Do you have sacred places, thin
places, where God once spoke to you? Do you ever go back to reconnect?
One day last week I listened to a
Mosaic podcast by Hank Fortner, and he reminded me of one of my favorite Bible
stories – about the time when God stopped the Jordan River so the people could
walk across.
Now the Jordan is at flood stage all during harvest. Yet
as soon as the priests who carried the ark reached the Jordan and their feet
touched the water’s edge, the water from upstream stopped flowing. (Joshua 3:15-16,
NIV)
Those priests were brave men, walking into a flooded river while
carrying the heavy ark. God didn’t stop the water until they took the
initial risk of stepping in. And if that wasn’t enough, they stayed in the
middle of the river to show the way.
The priests who carried the ark of the covenant of the Lord
stopped in the middle of the Jordan and stood on dry ground, while all Israel
passed by until the whole nation had completed the crossing. (Joshua 3:17, NIV)

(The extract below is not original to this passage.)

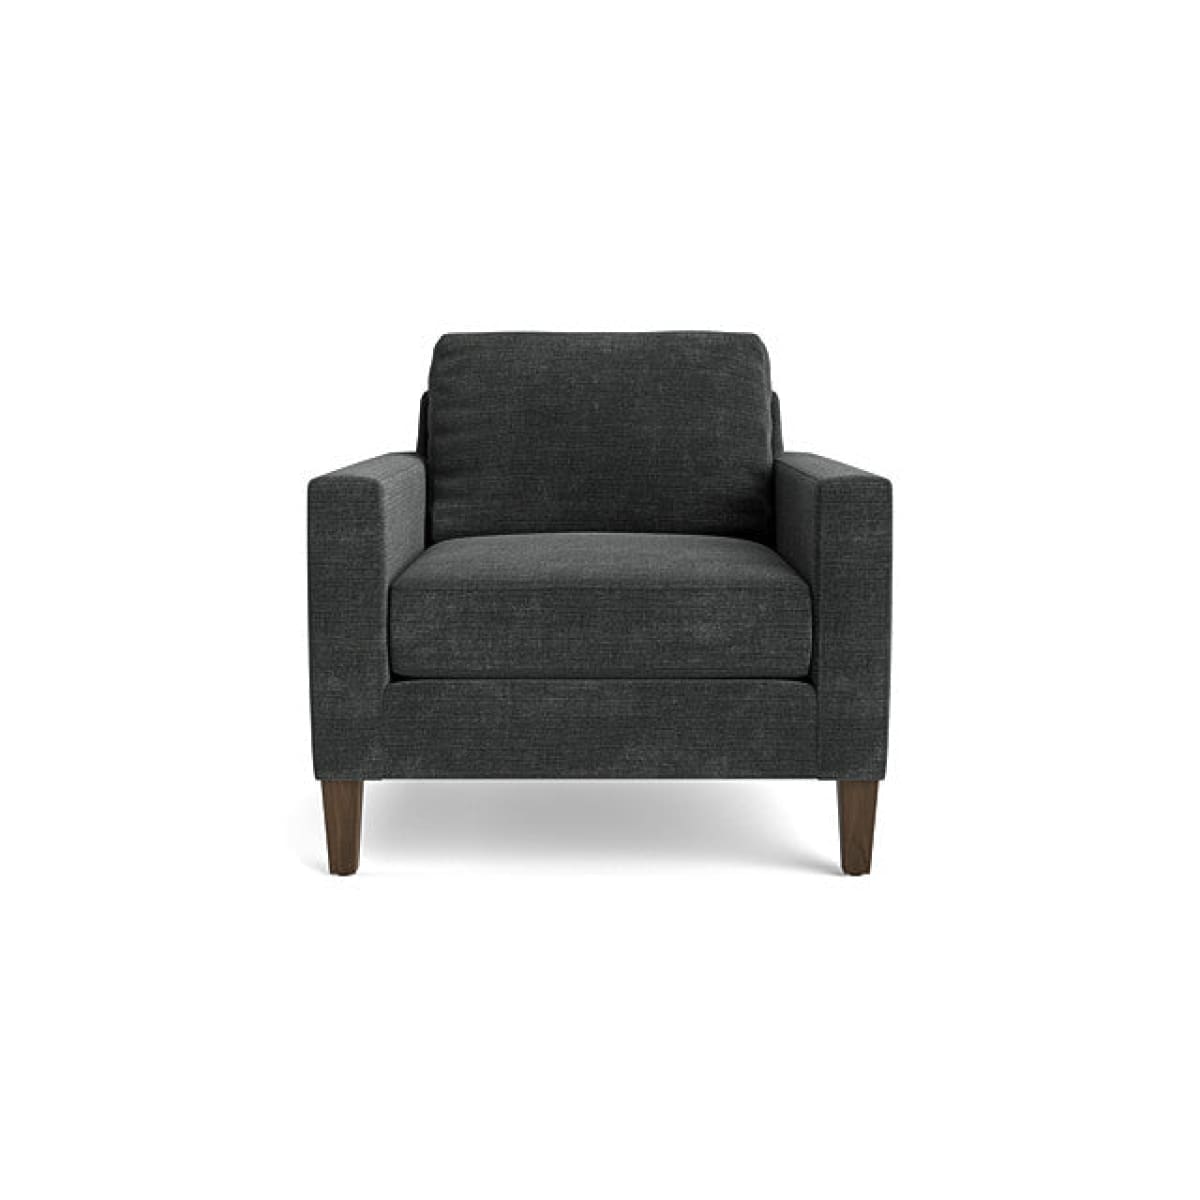 Kent Accent Chair - Analogy Charcoal

I’ve read that story, even taught
that story, many times through the years, but this time I couldn’t help but
imagine one of those priests sneaking back down to the same spot on the
riverbank, years later, after the conquest was over, and putting his feet in the
water to see if it would stop again.
Maybe he was a little sad that it
didn’t work a second time, but even happier to know it was God who did the
stopping and not his own magic feet. Wouldn’t you rather have God than magic
feet?
I imagine that priest returning
often to put his feet in the water, to feel the coolness, to remember the time
when the river stopped, to relive the moment of God’s power and authority and grace,
allowing the water to draw him closer to God once again. Spoiled to the
supernatural, he wanted more.
There’s more to the story: the
twelve stones.
So the
Israelites did as Joshua commanded them. They took twelve stones from the
middle of the Jordan, according to the number of the tribes of the Israelites,
as the Lord
had told Joshua; and they carried them over with them to their camp, where they
put them down. Joshua set up the twelve stones that had been in the middle of
the Jordan at the spot where the priests who carried the ark of the covenant
had stood. And they are there to this day…. Joshua said to the Israelites, “In
the future when your descendants ask their parents, ‘What do these stones
mean?’ tell them, ‘Israel crossed the Jordan on dry ground.’ (Joshua 4:8 – 22,
NIV)
And so, I imagine my priest starring
at that pile of rocks, a permanent reminder of God’s power. Maybe, when his
life was especially hard, he put his hands on them just to remind himself of
God’s goodness. Maybe he even sat on the ground with his back leaning against
the pile, letting the heat in the rocks soak into his exhausted body, like the
grace of God soaking onto his heart.
I don’t think I’m off base here. In
his phenomenal book, Wild Goose Chase,
Mark Batterson asked: I wonder if Peter ever rowed out to that spot where he
walked on water? Did Zacchaeus ever take his grandchildren back to climb the
sycamore tree? Did Lazarus ever revisit the tomb where he spent four days? Did
Paul ever ride out to the mile marker on the Damascus Road?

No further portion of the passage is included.